§ EXERCISE GOAL: Reproduce the entries that follow exactly, dropping each image.

-------- DATA EXTRACT --------

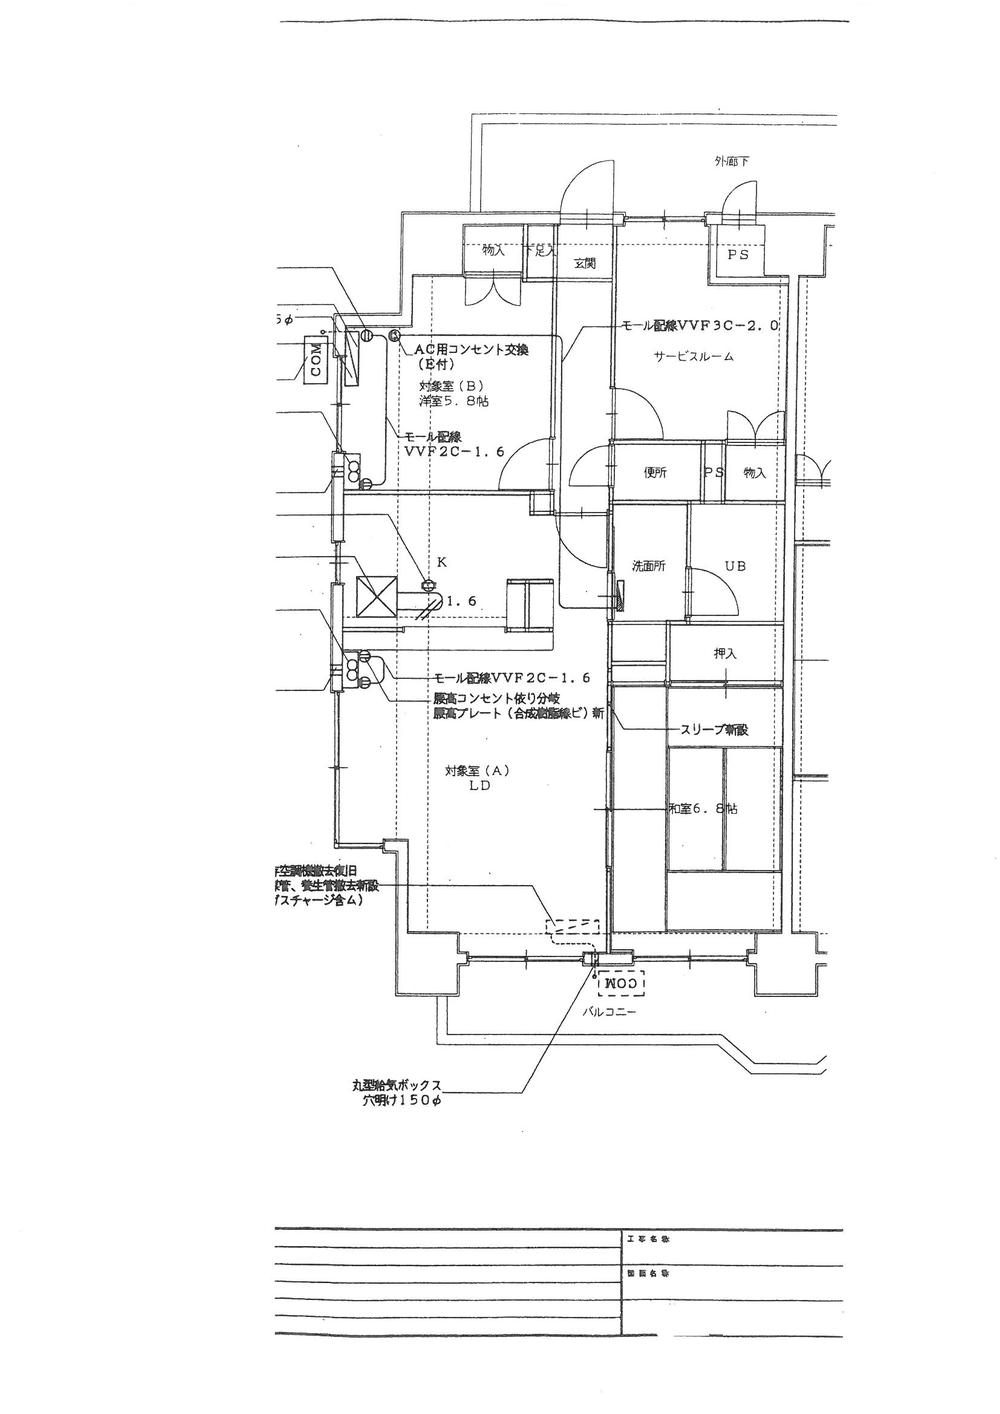 Floor plan. 3LDK, Price 7.8 million yen, Occupied area 67.87 sq m
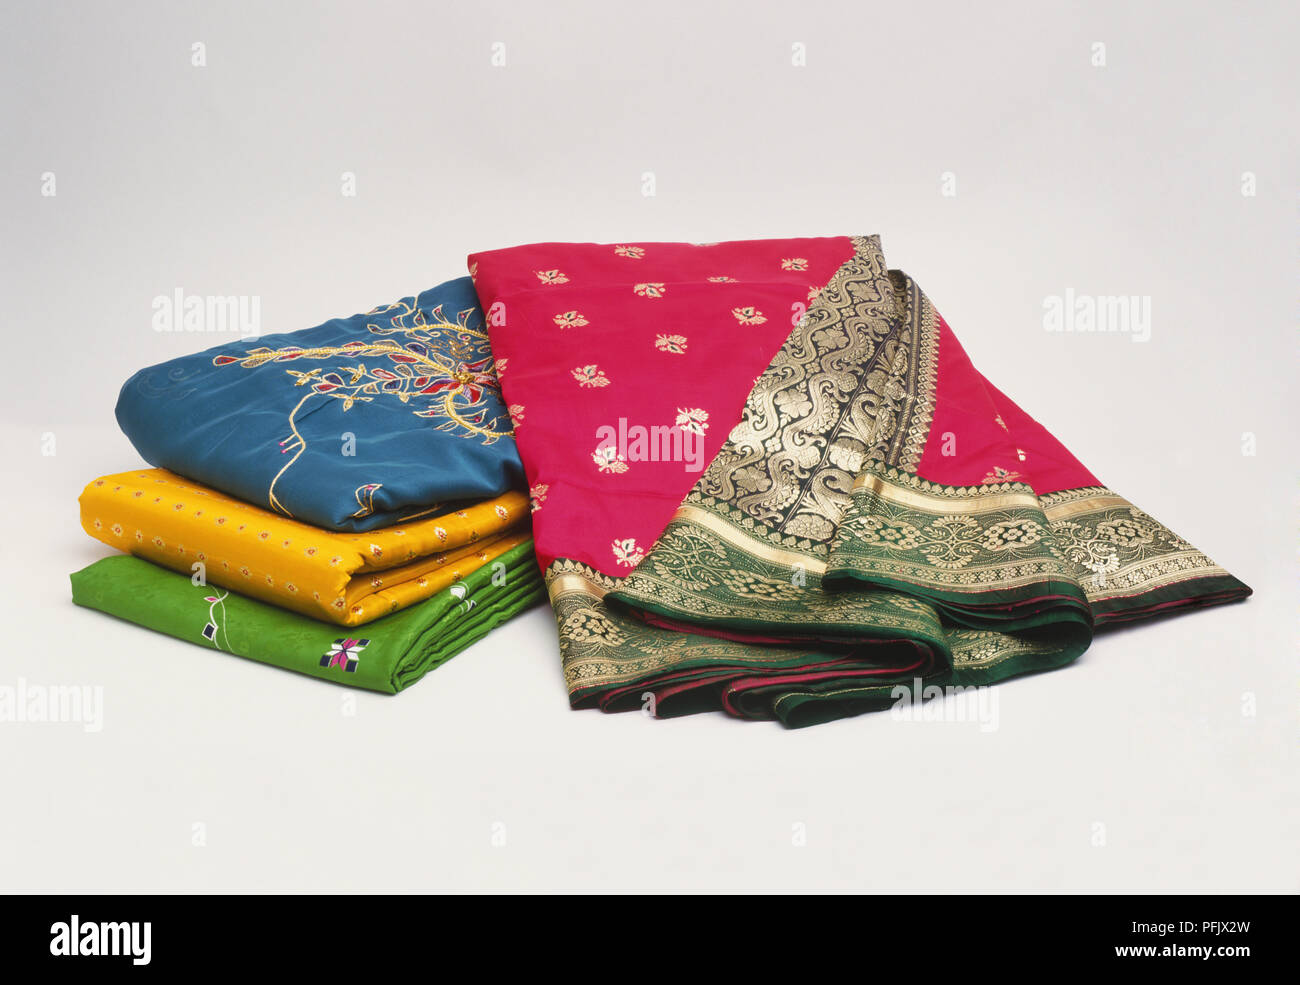 Colourful pile of folded embroidered Asian fabrics Stock Photo
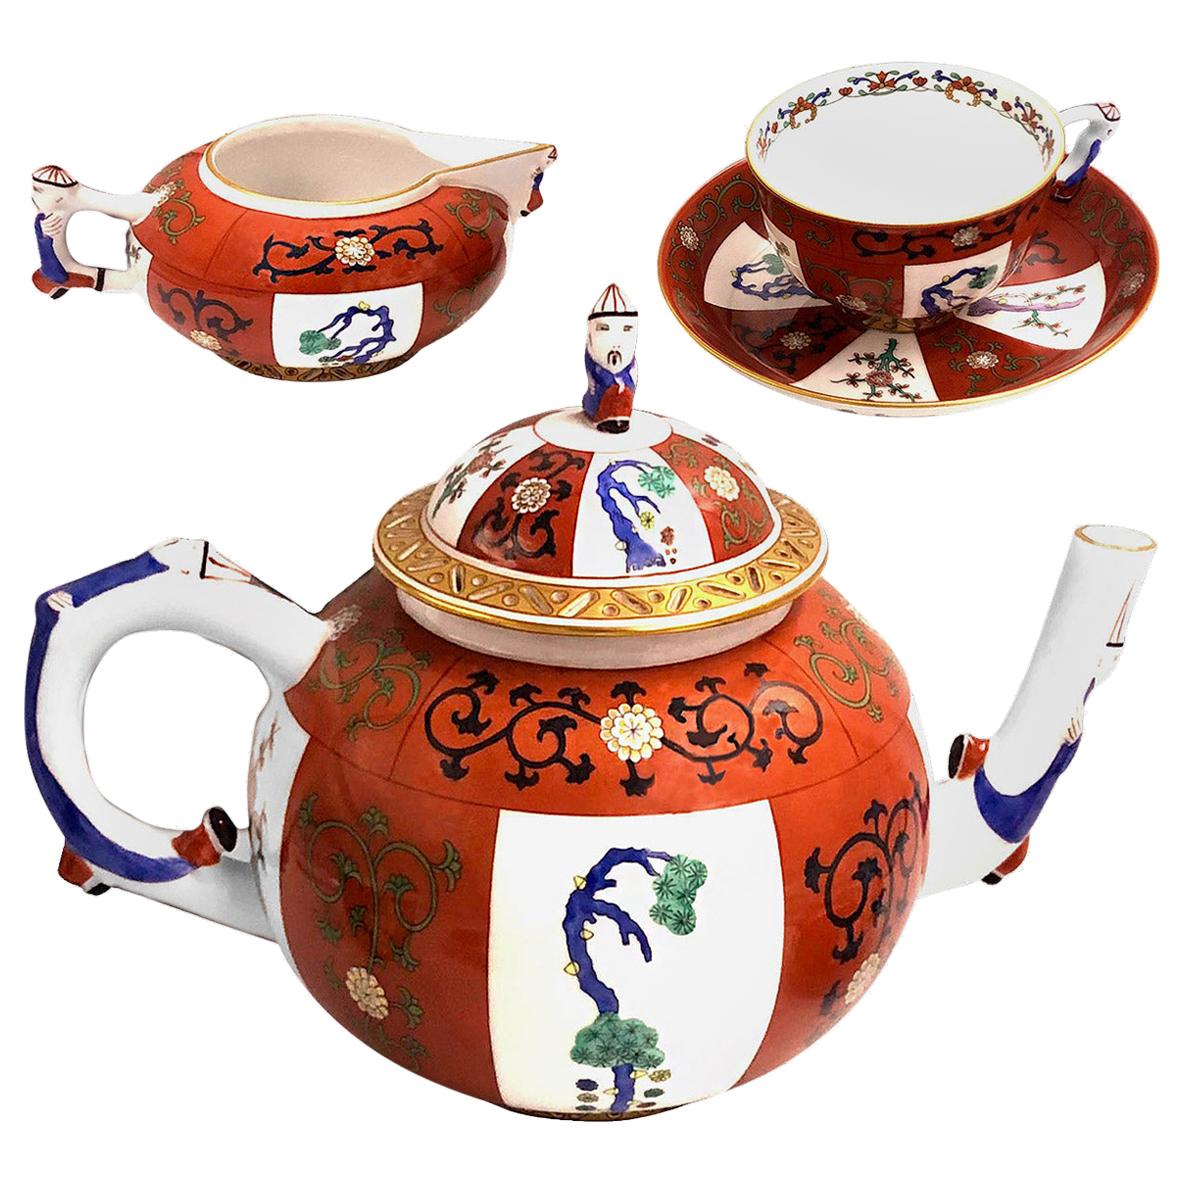 Godollo Tea Set in Herend Porcelain for Famous Queen Elizabeth
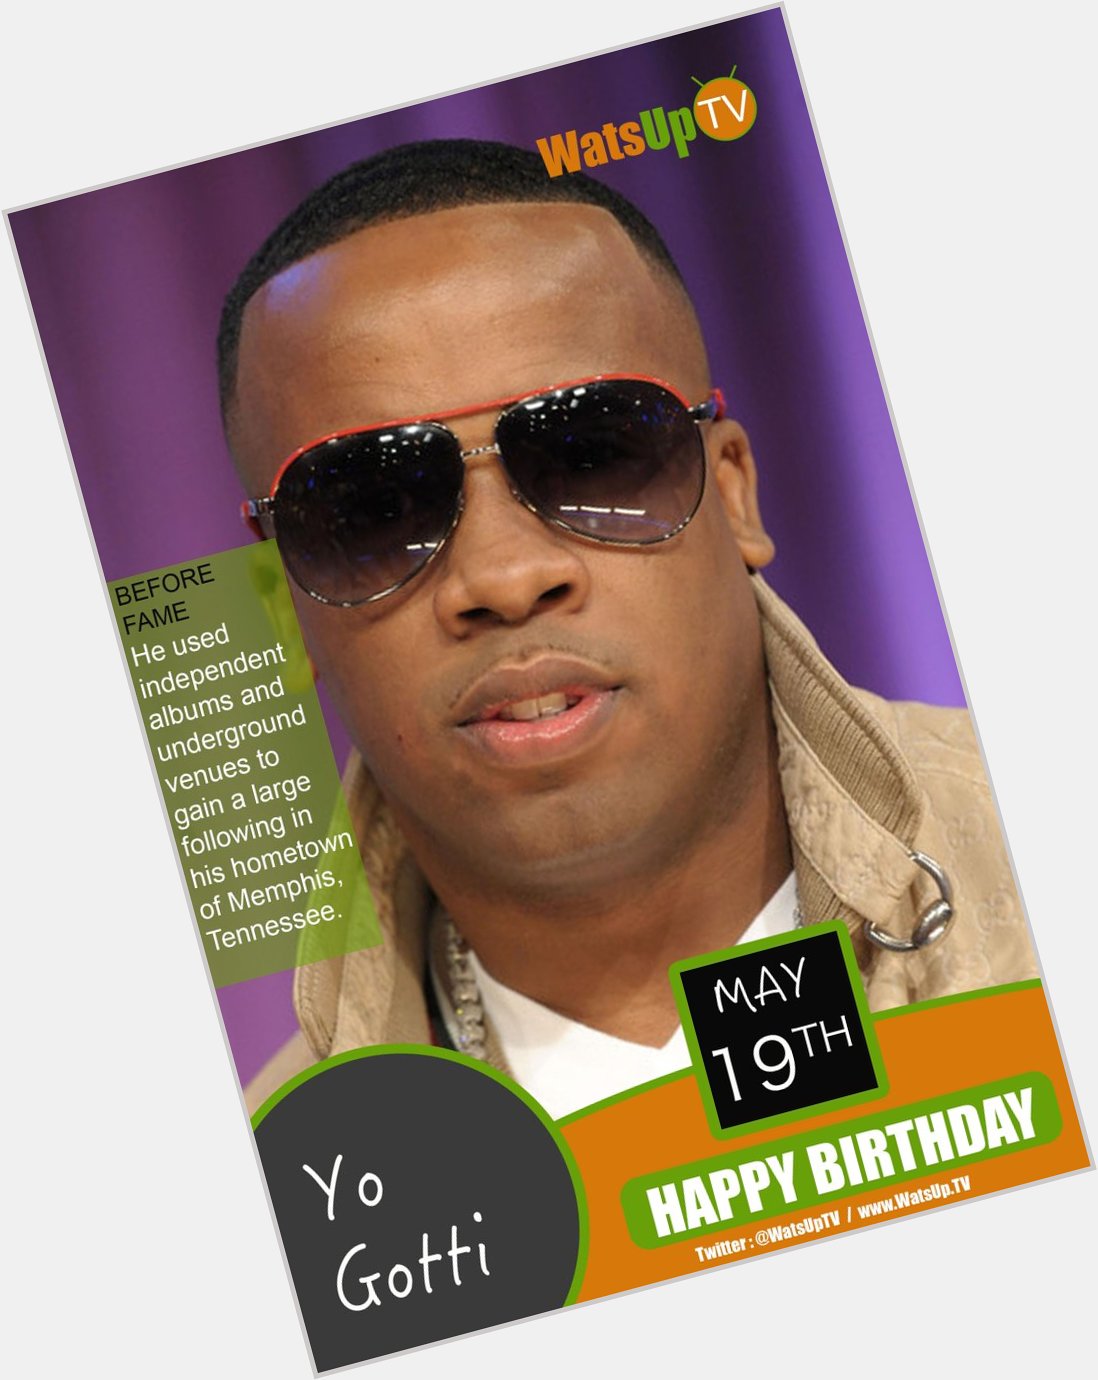 \" HAPPY BIRTHDAY : Yo Gotti ( ) are u guyz aware today\s birthday?
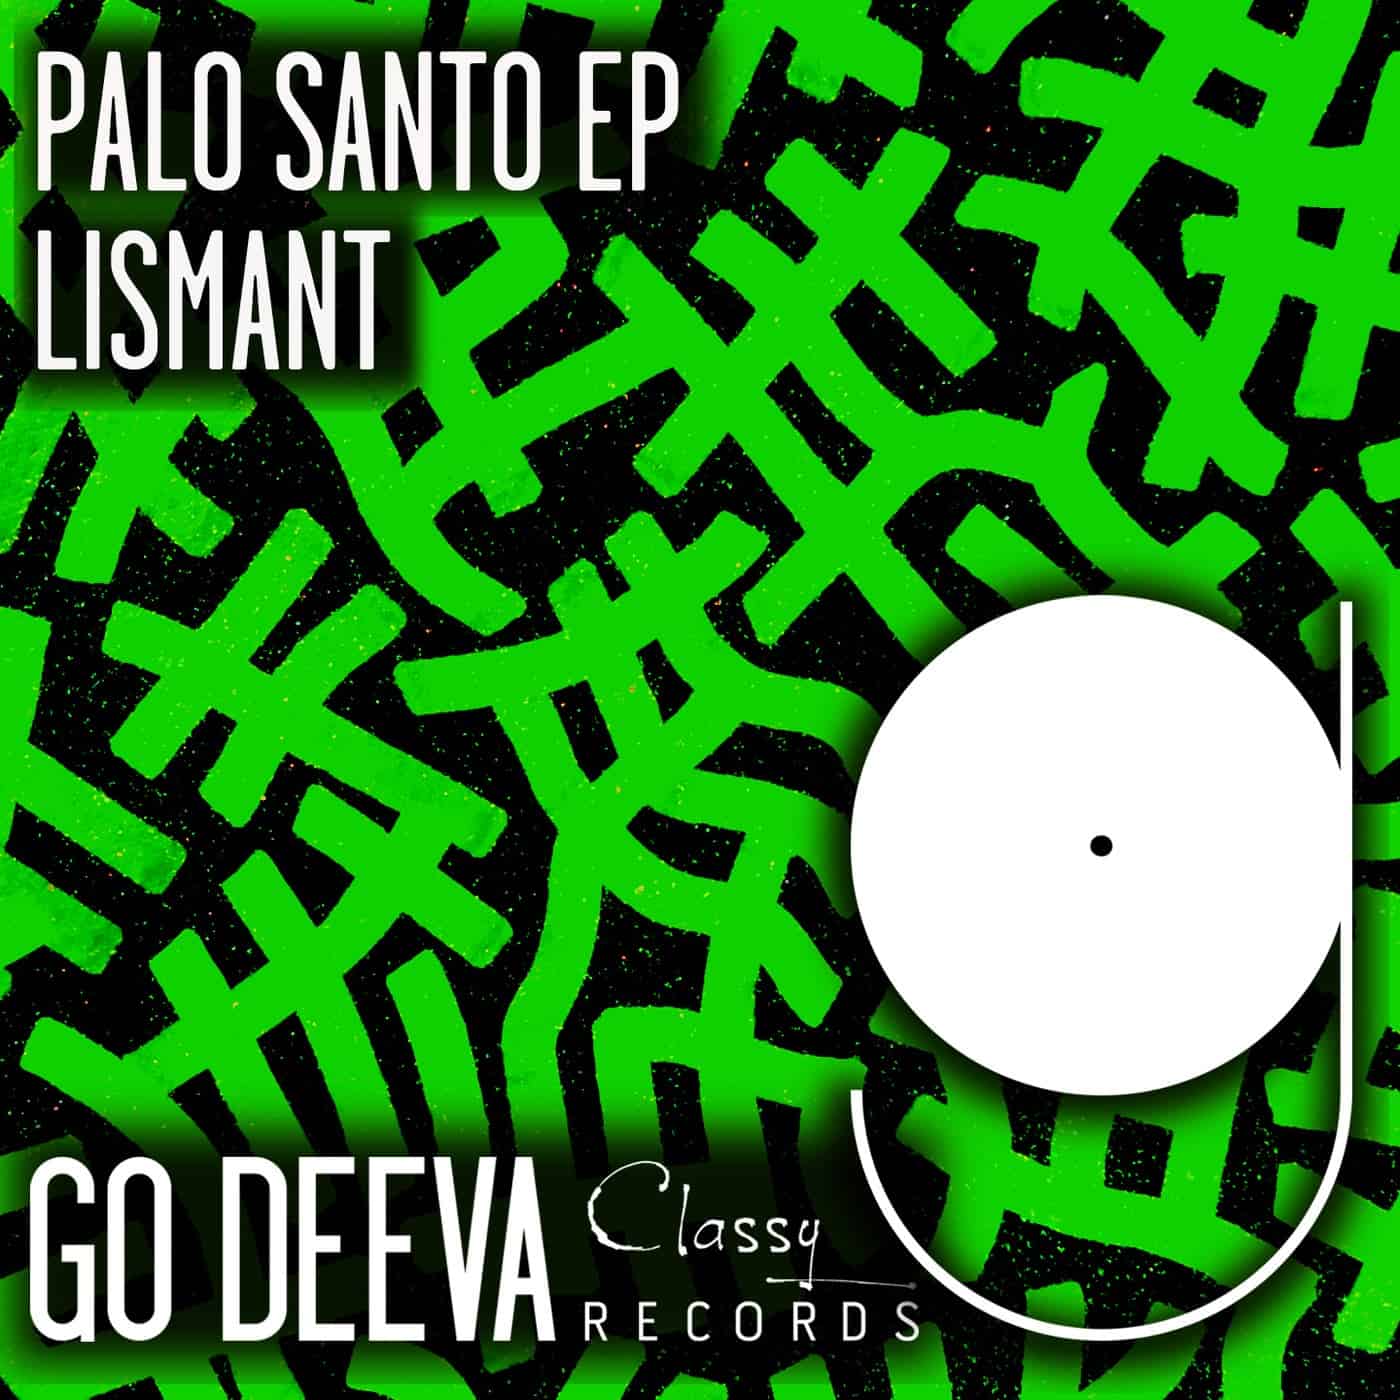 Download Lismant - Palo Santo Ep on Electrobuzz

--------

§ THE ANSWER:
 Floor plan. 3LDK, Price 7.8 million yen, Occupied area 67.87 sq m
 Colourful pile of folded embroidered Asian fabrics Stock Photo
 Godollo Tea Set in Herend Porcelain for Famous Queen Elizabeth
 \" HAPPY BIRTHDAY : Yo Gotti ( ) are u guyz aware today\s birthday?
 Download Lismant - Palo Santo Ep on Electrobuzz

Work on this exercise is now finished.